TASK DETAILS :: Copy each line below as written, but skip the pictures.

GIVEN INFORMATION ::
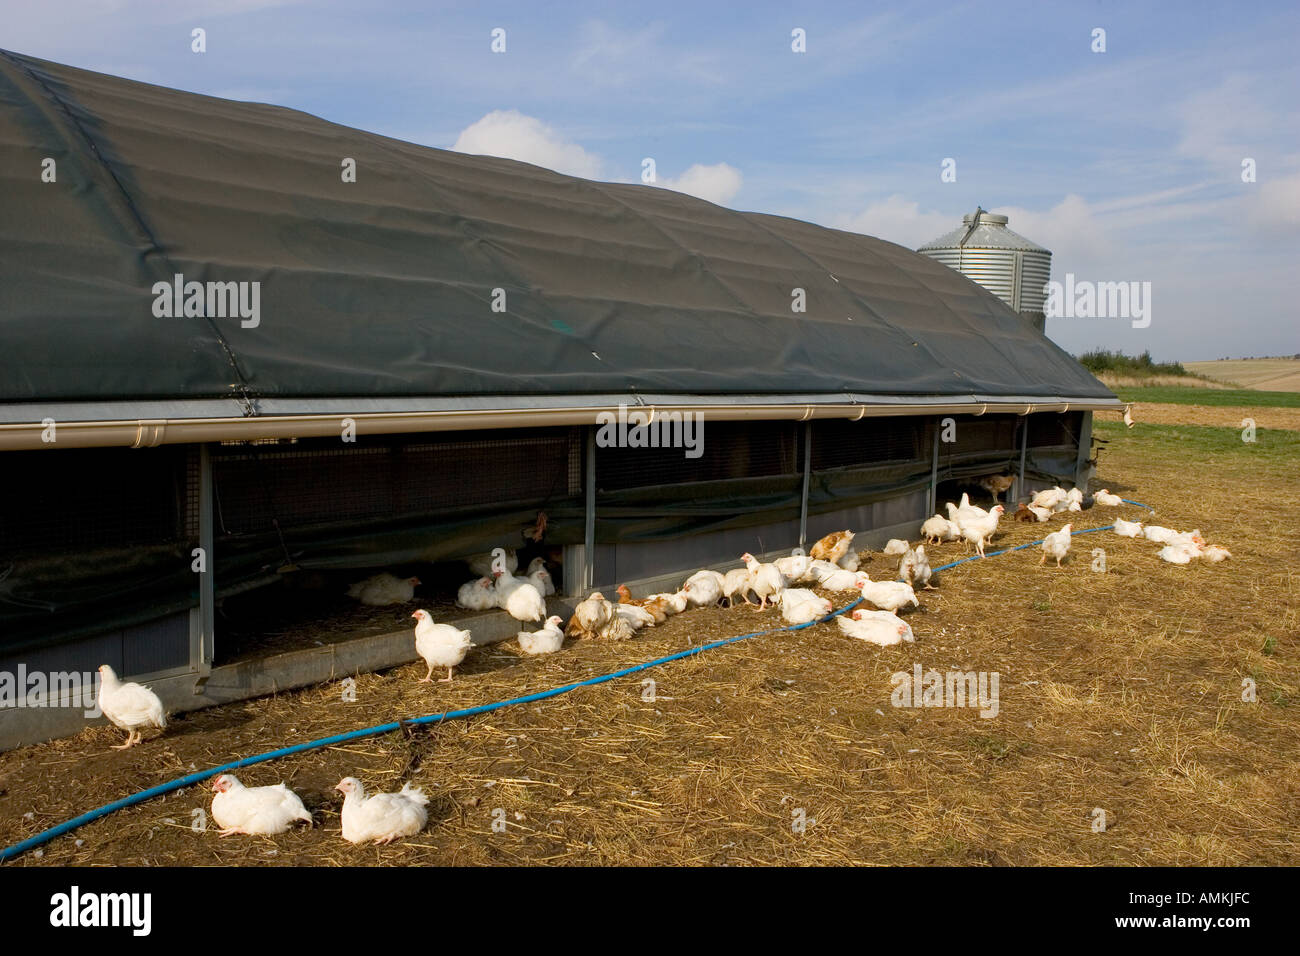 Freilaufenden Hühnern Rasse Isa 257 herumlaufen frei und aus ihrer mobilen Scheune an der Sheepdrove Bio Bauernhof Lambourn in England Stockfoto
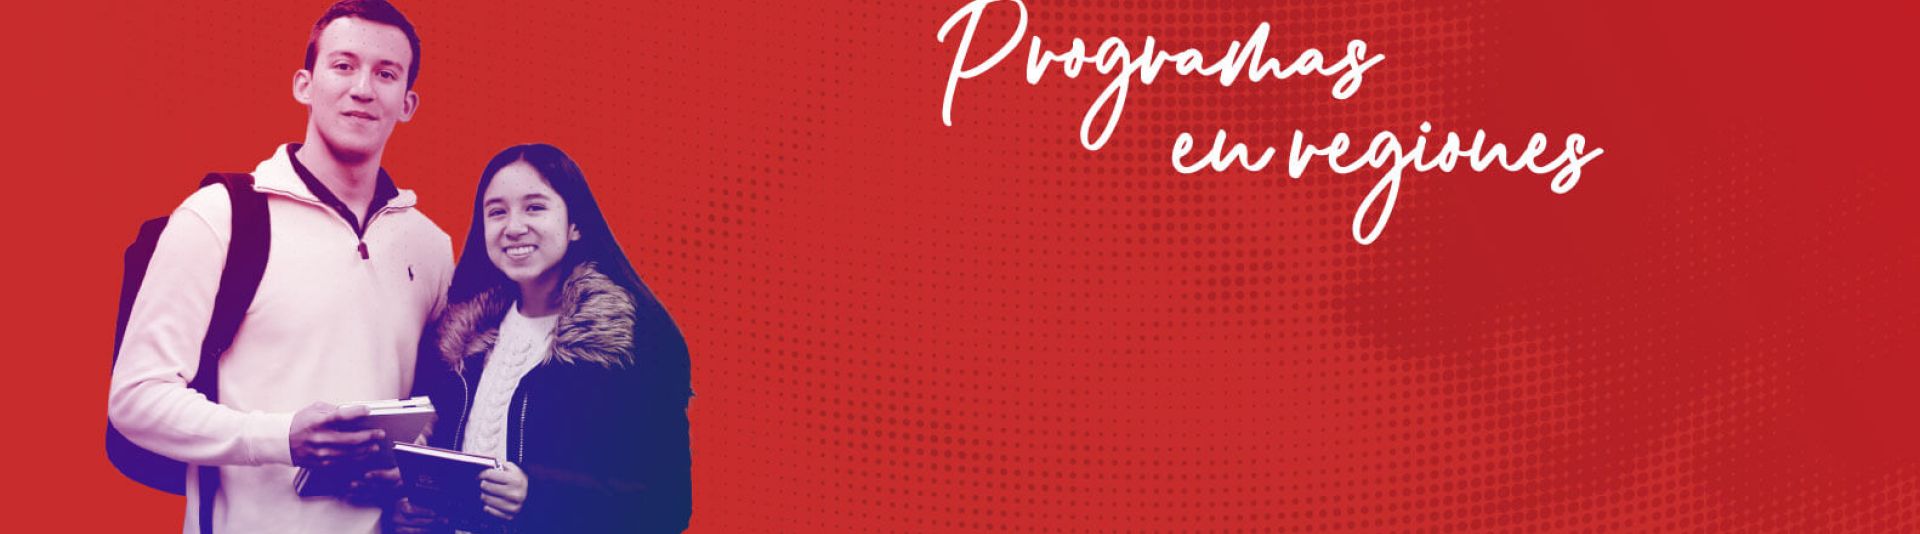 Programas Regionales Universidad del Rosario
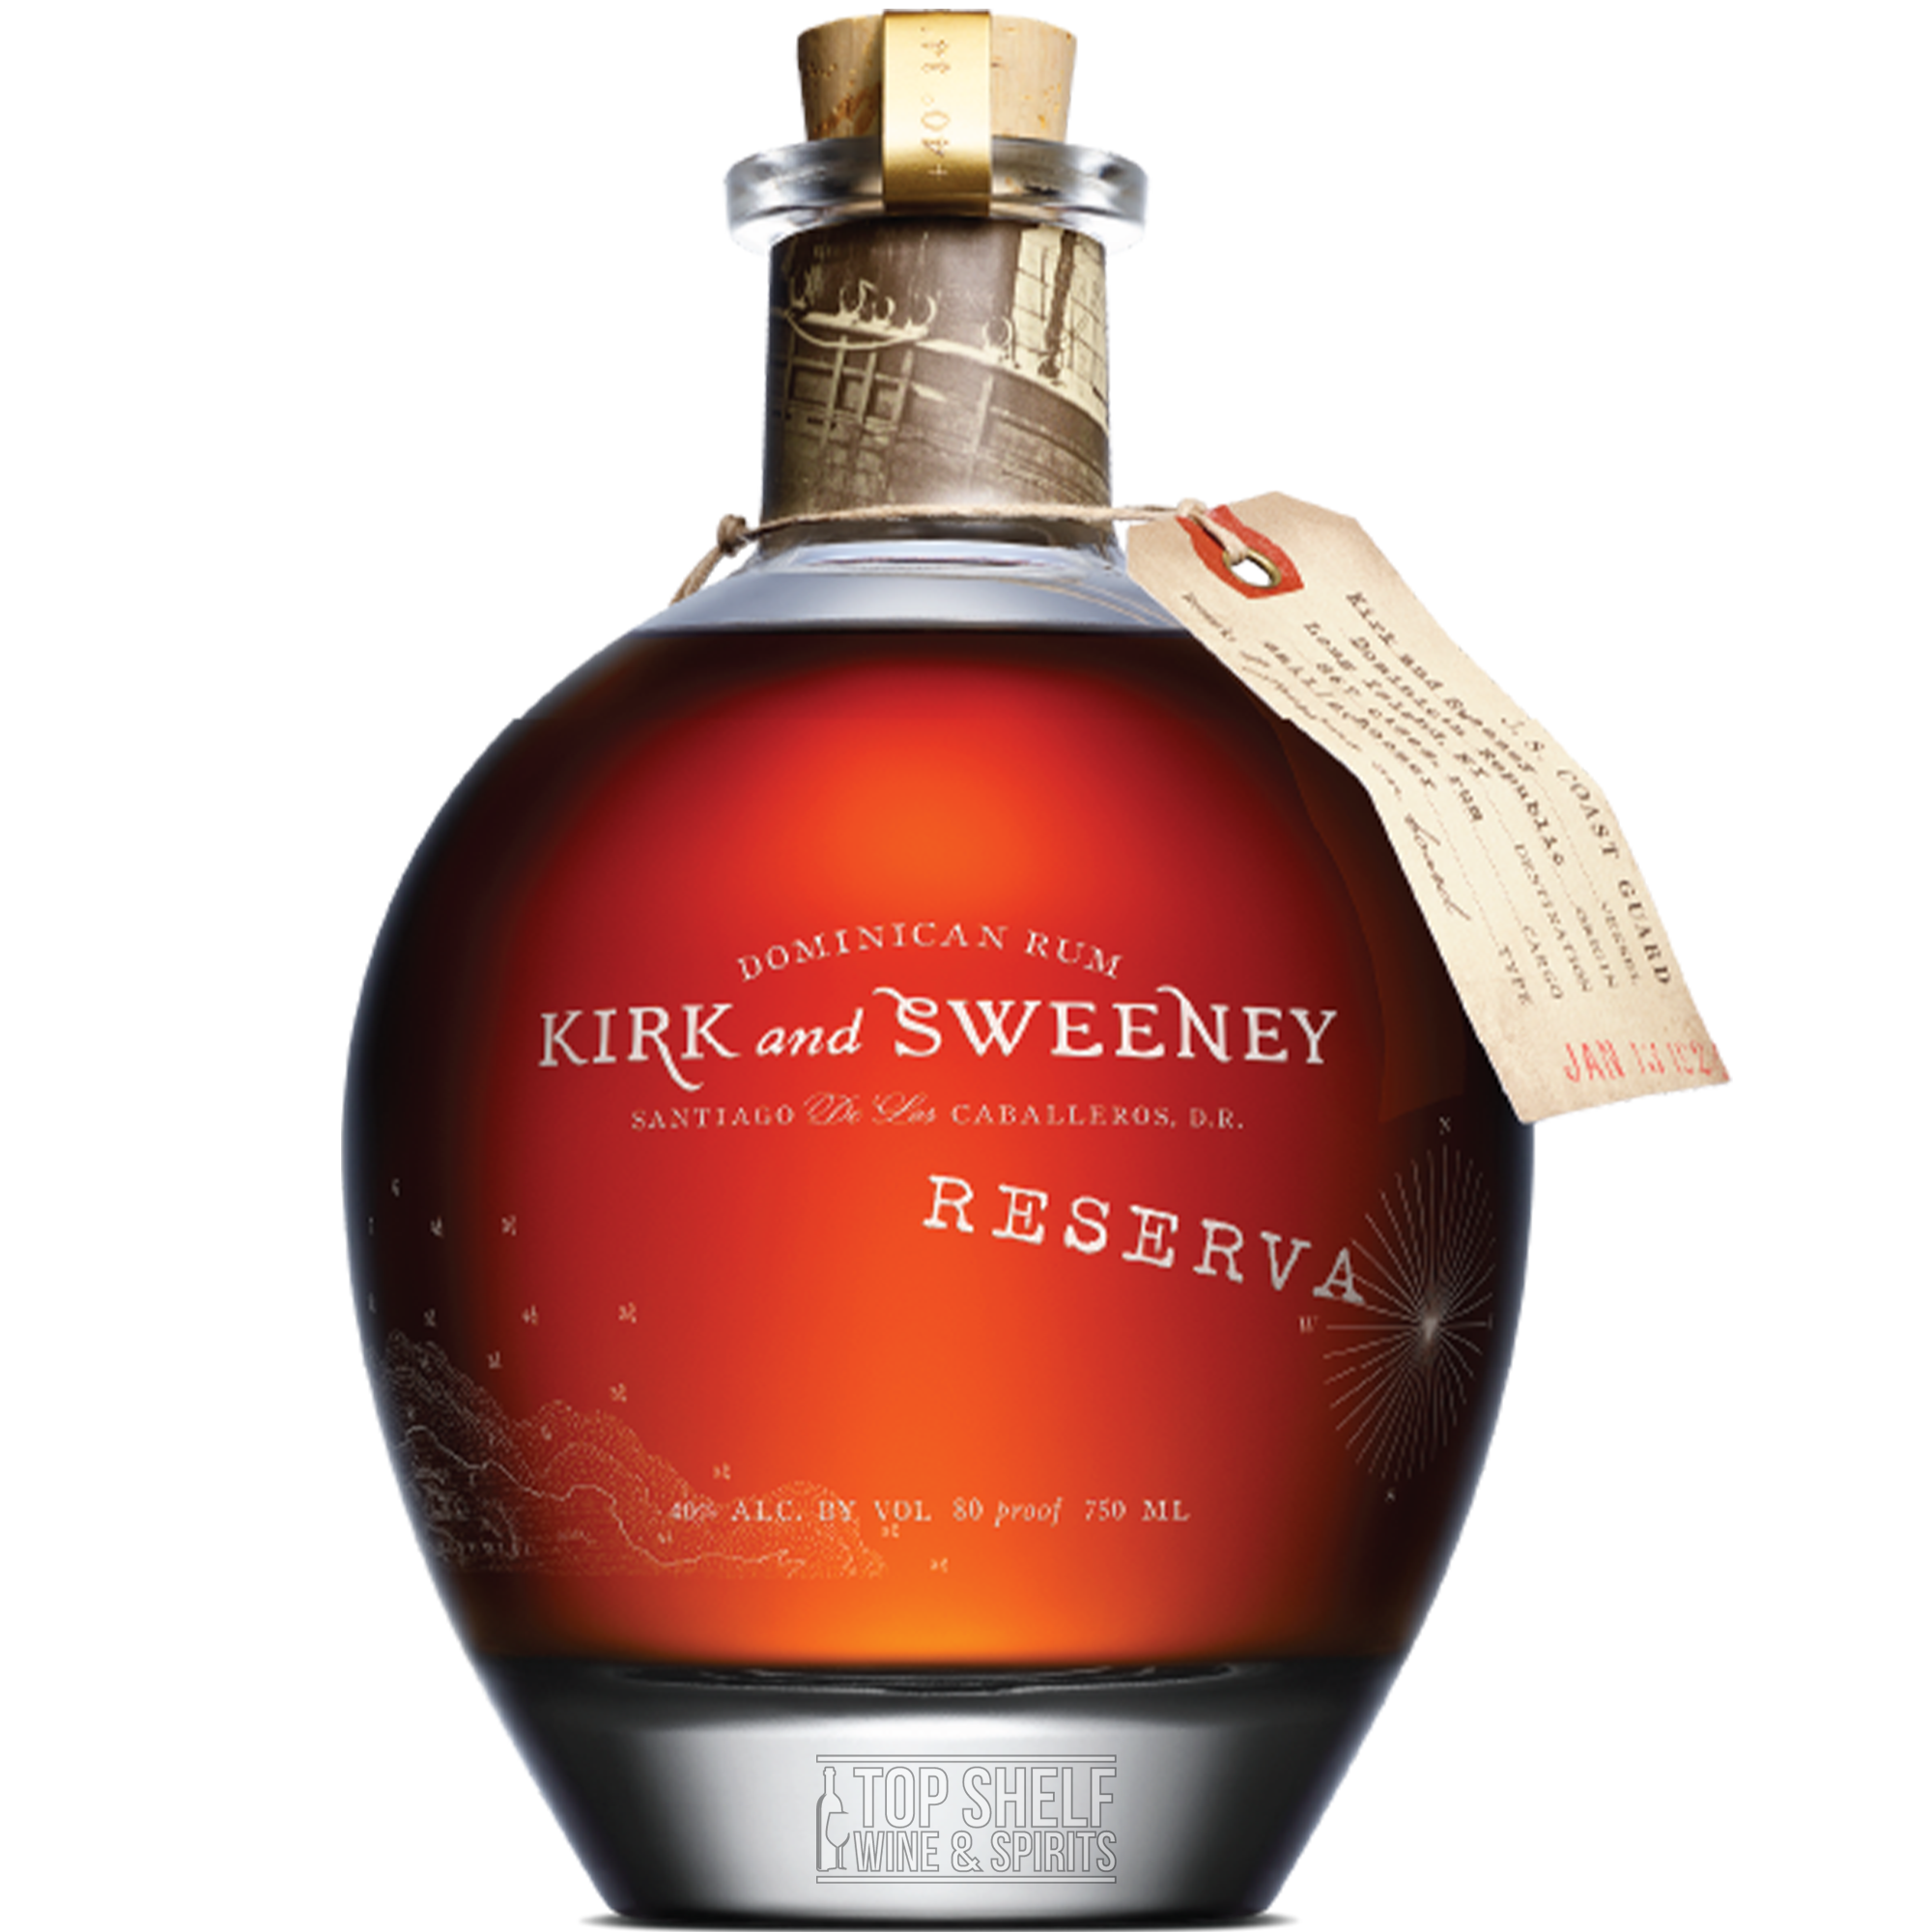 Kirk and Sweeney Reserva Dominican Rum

EXERCISE RESULT ::
 Freilaufenden Hühnern Rasse Isa 257 herumlaufen frei und aus ihrer mobilen Scheune an der Sheepdrove Bio Bauernhof Lambourn in England Stockfoto
 Programas Regionales Universidad del Rosario
 Kirk and Sweeney Reserva Dominican Rum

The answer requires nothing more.